I shook my head. “No. I’ve just been dumped. By text message.”

“How rude. Did he give a reason?”

“No. Yes. He’s found someone else. He wanted me to sleep with him and I wouldn’t.” It took a long time to say this out loud.

“Fair enough. For you, I mean.” He was silent a minute. “I suppose that makes two of us.”

“You and Vanessa have broken up?” He nodded, not looking at me. “When? Why?”

“Basically the same reason. It was at New Year. She wanted us to move in together and I didn’t want to, not yet. So she ditched me and found someone else.” He shrugged. “It hurts.” I nodded but didn’t say anything; he didn’t expect an answer. We sat in silence for quite a while. Calum is good company when you don’t want to talk.

We just stared out at the view. It was spectacular from there, looking out over the northern part of the city. Strings of lights twinkled far into the distance.

Eventually I said, half to myself, “It’s like fairy land.”

“No it’s not,” he said absently. “It’s nothing like that at all.” Then he recollected himself and said, “I mean, I imagine it’s nothing like that.”

“No you don’t,” I rounded on him. “You know what it’s really like, don’t you? Granddad was right that day when he said you’d been away with the fairies.”

“I don’t know what you’re talking about,” he said, not very convincingly.

“Liar. There is some mystery about you, and Emma and Finn are in on it too. Remember the day Dad got sick, the day you took me out to lunch? You asked me if I believed in magic. I never answered you. I don’t know if I believe in magic or not, but I believe there's some thing strange about you, Calum McIver, and I want to know what it is. I don’t have any right to know I suppose, but strange things have been happening for ages and you keep dropping these hints and I want to know what’s going on.”

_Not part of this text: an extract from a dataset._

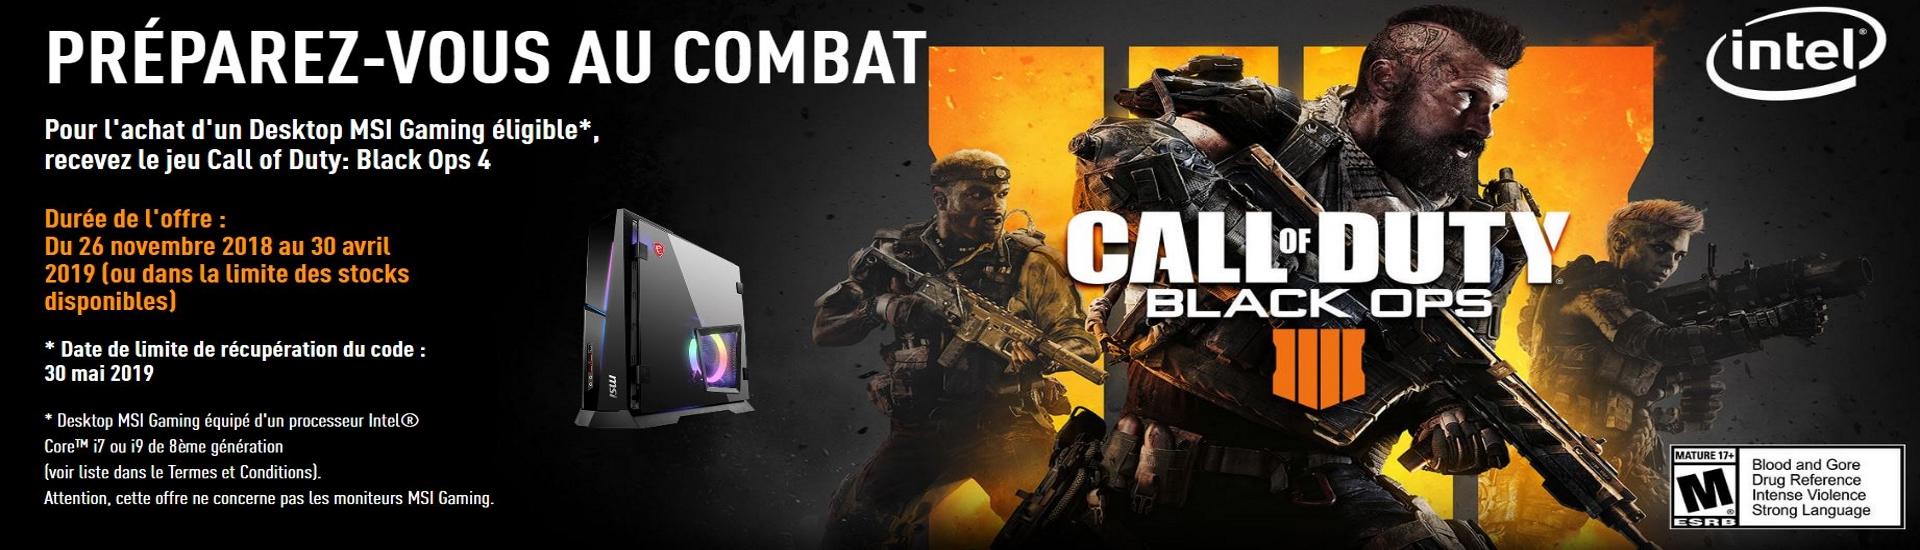 Intel Call of Duty

He had the grace to look a little ashamed. “How long have these strange things been going on, do you think?” he asked, quite quietly and seriously.

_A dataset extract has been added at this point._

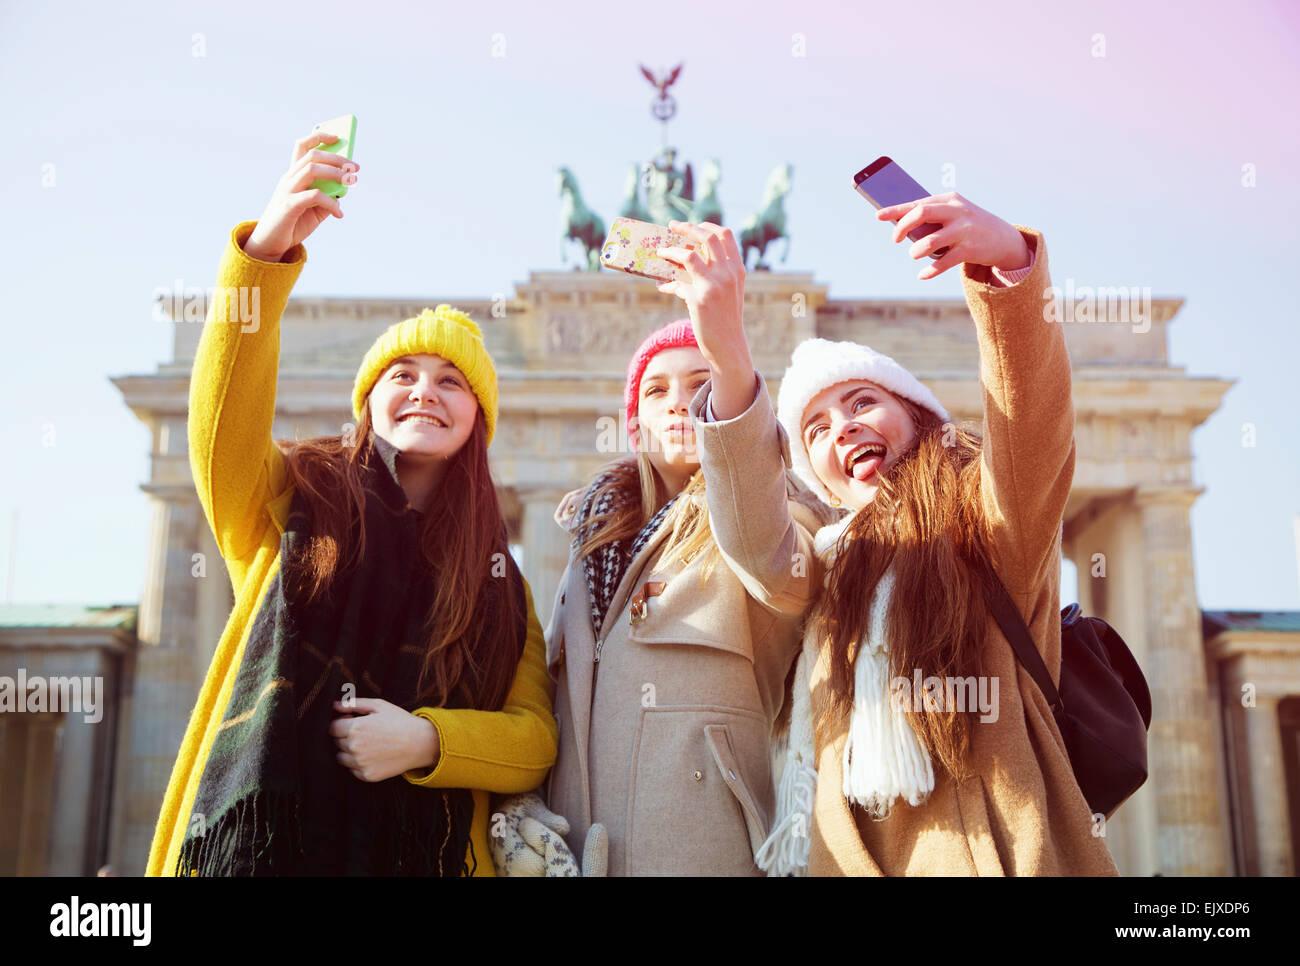 teenage-girls-taking-selfie-in-front-of-

I cast my mind back. “Um, since Amanda went to the St Mungo's ball. No, before that, since that girl gave me the earrings for Emma. Yes, that would be it. That’s two years ago now.”

“That’s about right. There is still something going on with those earrings and because you have fairy sight you’ve got involved. That girl should have given the parcel to Olly, not you, to pass on to Emma. It wouldn’t have had any effect on her. She would have forgotten about it once it was out of her possession, just like Amanda did. But she gave it to you. It was a small mistake, and one they wouldn’t have counted on. You can’t be made to forget things the way Olly and Amanda can. And you’re susceptible to the spells on the package, which were directed at a mortal with some magical gifts. Emma. And you, it turns out. It’s just as well neither of you tried the earrings on or we'd have a real problem on our hands. It is part of the reason your life has been so horrible for the last couple of years. Not the whole reason – a lot of it is just life.”